Monitor for change points. Drift and discontinuity are not only noise to be averaged away; the discontinuities are informative. When a large number of unrelated terms move in the same direction on the same day, the cause is almost never a coincidence of optimization work — it is an engine update. Running an online change-point procedure such as a CUSUM control chart or Bayesian online change-point detection on each term’s VP time series converts that pattern from an unexplained shock (“the numbers dropped and we don’t know why”) into a detected, dated event. This is also what enforces the “sustained” half of the Barkhausen Criterion: a jump that a change-point monitor shows reverting at the next engine shift was never a durable gain.

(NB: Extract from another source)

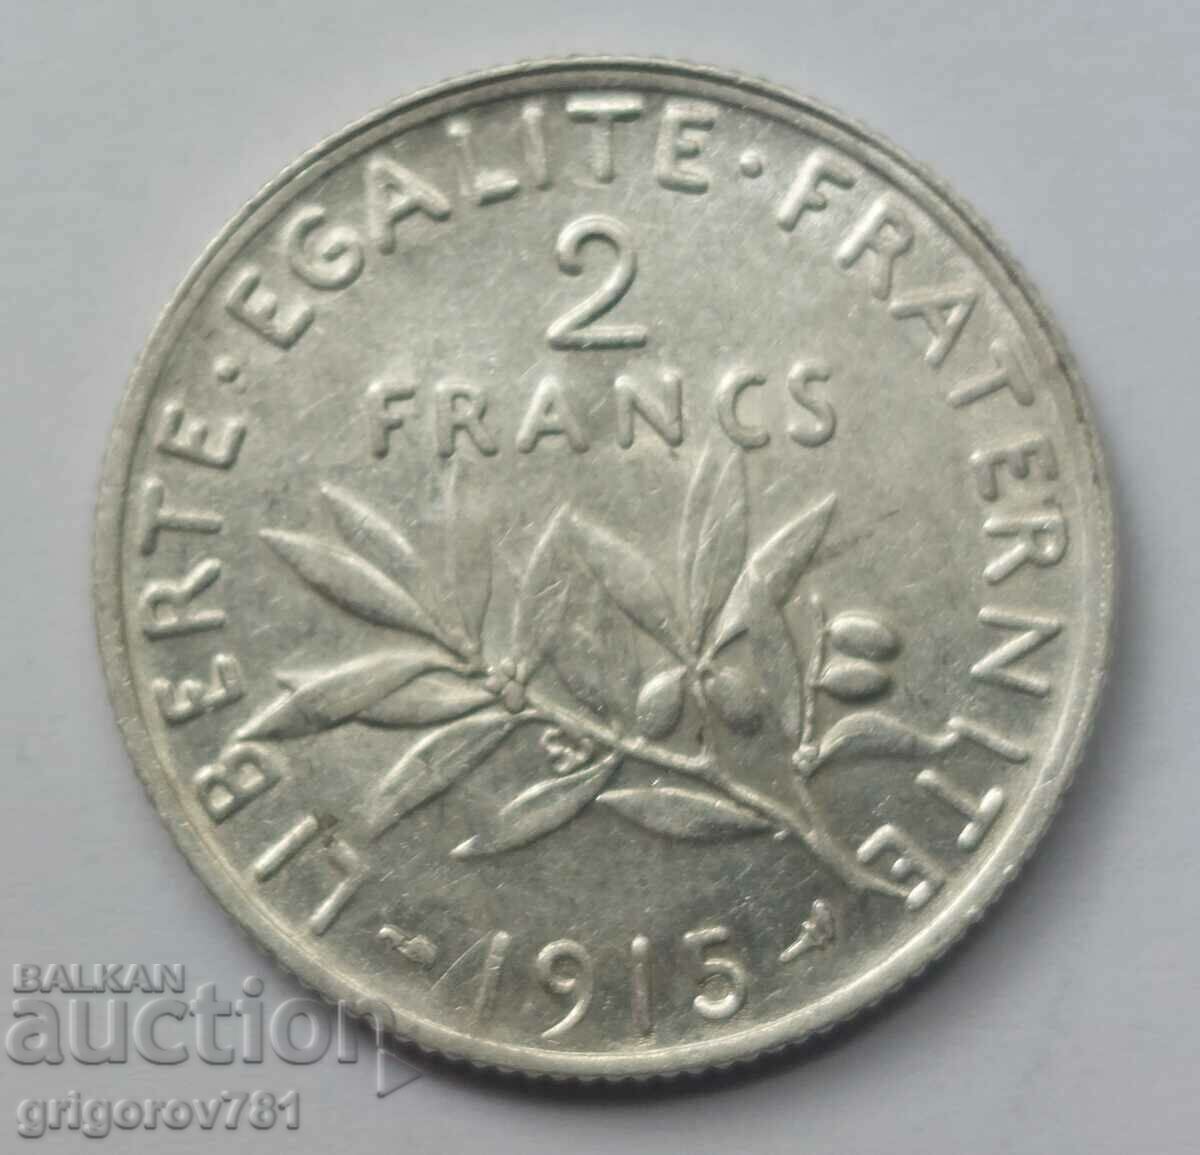 2 Franci Argint Franta 1915 - Moneda de argint #63

Record refusals as data. When an engine declines to answer — because a topic trips a safety filter, or for any other reason — that refusal is an observation about the term’s availability, not a missing value to be silently dropped. The refusal rate is itself a metric; discarding refusals inflates the apparent mention rate among the answers that remain. BA-C-3 requires refusals to be stored and reported alongside mentions.

Two companion metrics complete the picture and inherit the same discipline. Share of Voice (SoV) — a brand’s share of all brand mentions in an answer — is more robust to engine-wide drift than absolute VP, because when the whole retrieval layer shifts, relative standings move less than absolute probabilities; it is the better basis for a long-run key metric. Discovery Depth (DD) is the degree of query constraint at which a brand first enters an engine’s recommendation set — how far a user must narrow a broad need, by adding qualifying attributes, before the brand appears — so a brand recommended on a bare category query has lower DD, and broader reach, than one that surfaces only under heavy constraint. Both are defined in BA-C-2, and both are estimates with intervals, subject to every requirement above. Where within an answer a brand appears — first line versus seventh item — is a separate concern, the mention-prominence measure of BA-C-2 §5.1.

A cautionary case: llms.txt

The discipline this paper argues for applies to techniques as much as to metrics: a claim that a tactic works is a claim about a measurable effect, and it stands or falls on evidence of that effect. llms.txt is a useful case because it is adopted at scale and promoted, in some quarters, as a lever on AI visibility — while the public evidence for the promised effect is absent.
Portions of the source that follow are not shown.